Mummy Cave Ruin in Canyon de Chelly. (Note: After a long hike there, I was unable to explore or even come close to the ruins. This is why the guide was required.)

Pictured below, the central tower is said to be Mesa Verde in style and appears to have been constructed at a later date than the rooms in the alcoves. Timbers can still be seen protruding from the walls. This alcove complex contains cliff dwellings that shows evidence of having been occupied for nearly a thousand years. With over 70 rooms it is the largest Puebloan village that is preserved in Canyon de Chelly National Monument.

The Central Tower at Mummy Cave Ruin in the Canyon de Chelly NM

Pictured below, my guide pointed out the pictograph of the depiction of the Spanish Invaders to the area.

A pictograph of Spaniards entering the area on horses. The Priest is obvious in the center.

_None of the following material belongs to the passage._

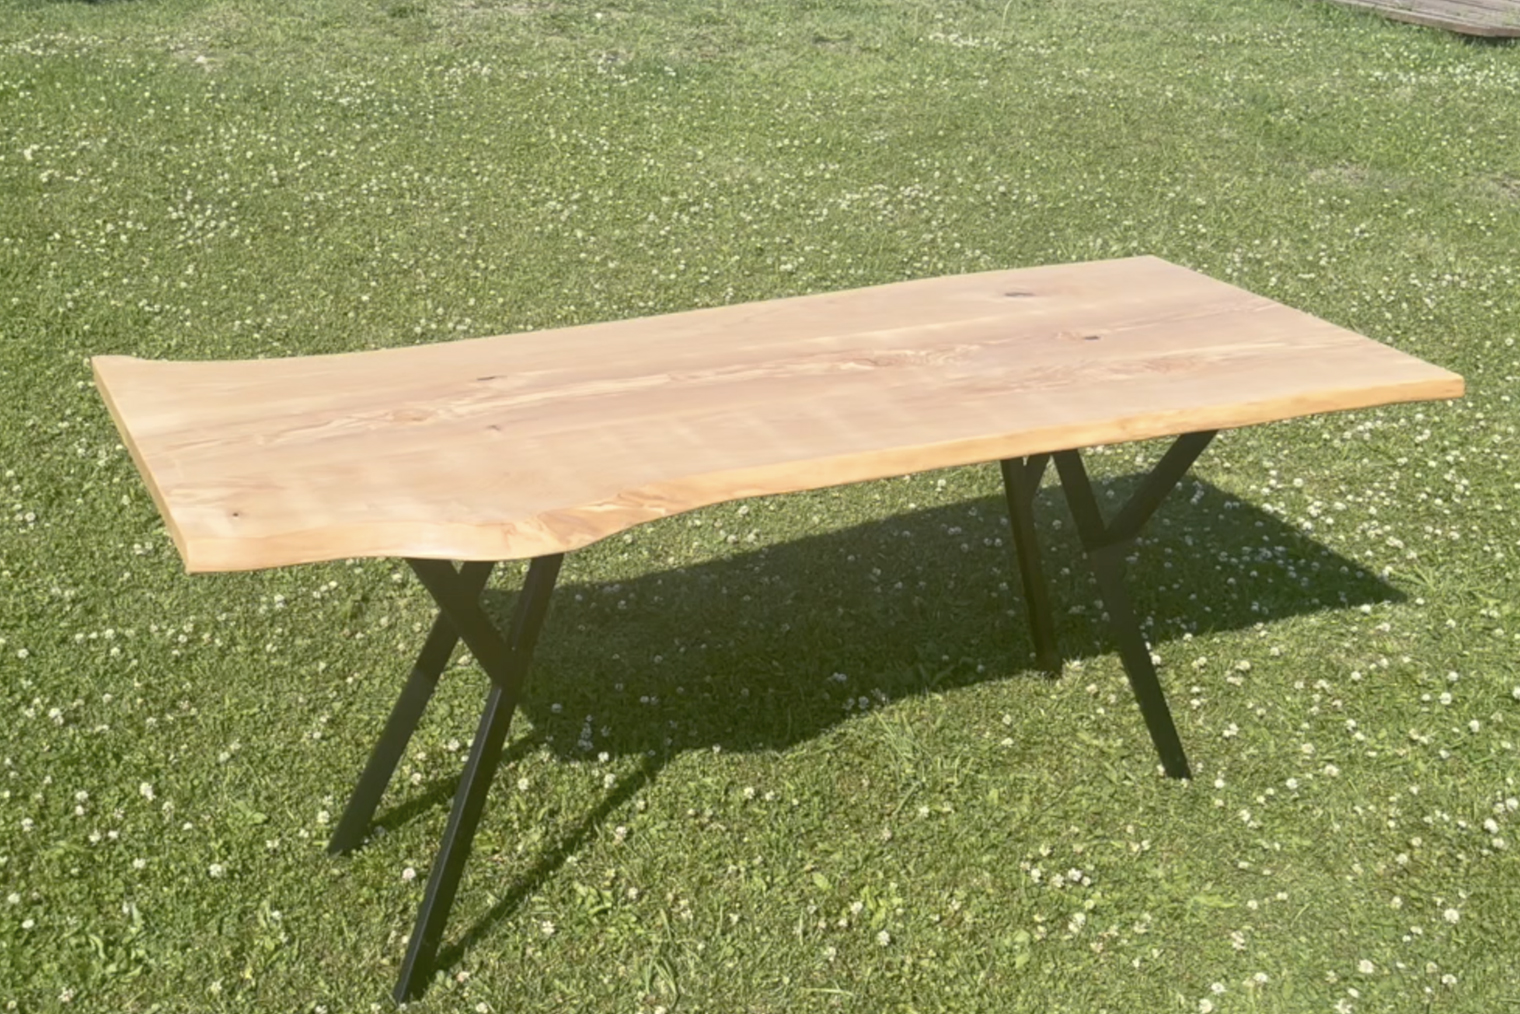 Это стол на металлических ножках со столешницей из слэбов — естественных срезов древесины. Его делал в 2022 году и разместил у себя в мангальной зоне

My Navajo guide pointed out the ledge where a native woman grappled with a Spanish Soldier and both fell to their death. This was the site of the infamous “massacre” of 1805. The Spanish soldiers, from an expedition, were firing upon a group of Navajos, that were huddled across the canyon in an alcove. Spanish accounts describe a day-long battle against the Navajos…entrenched in an almost inaccessable point….. and the killing of 90 warriors, 25 women and children. The Navajo, however, say that many men were away hunting at the time. Thus the dead were mostly women, children and old men who had sought refuge from the invaders. The Navajo call the alcove ADah Aho’ doo’nili—Two Fell off—-referring to a brave Navajo woman who grappled with a soldier and tumbled to her death, dragging the enemy with her.

Looking into Canyon del Muerto, above the Massacre Alcove mentioned above and south towards the Mummy Ruins that I visited.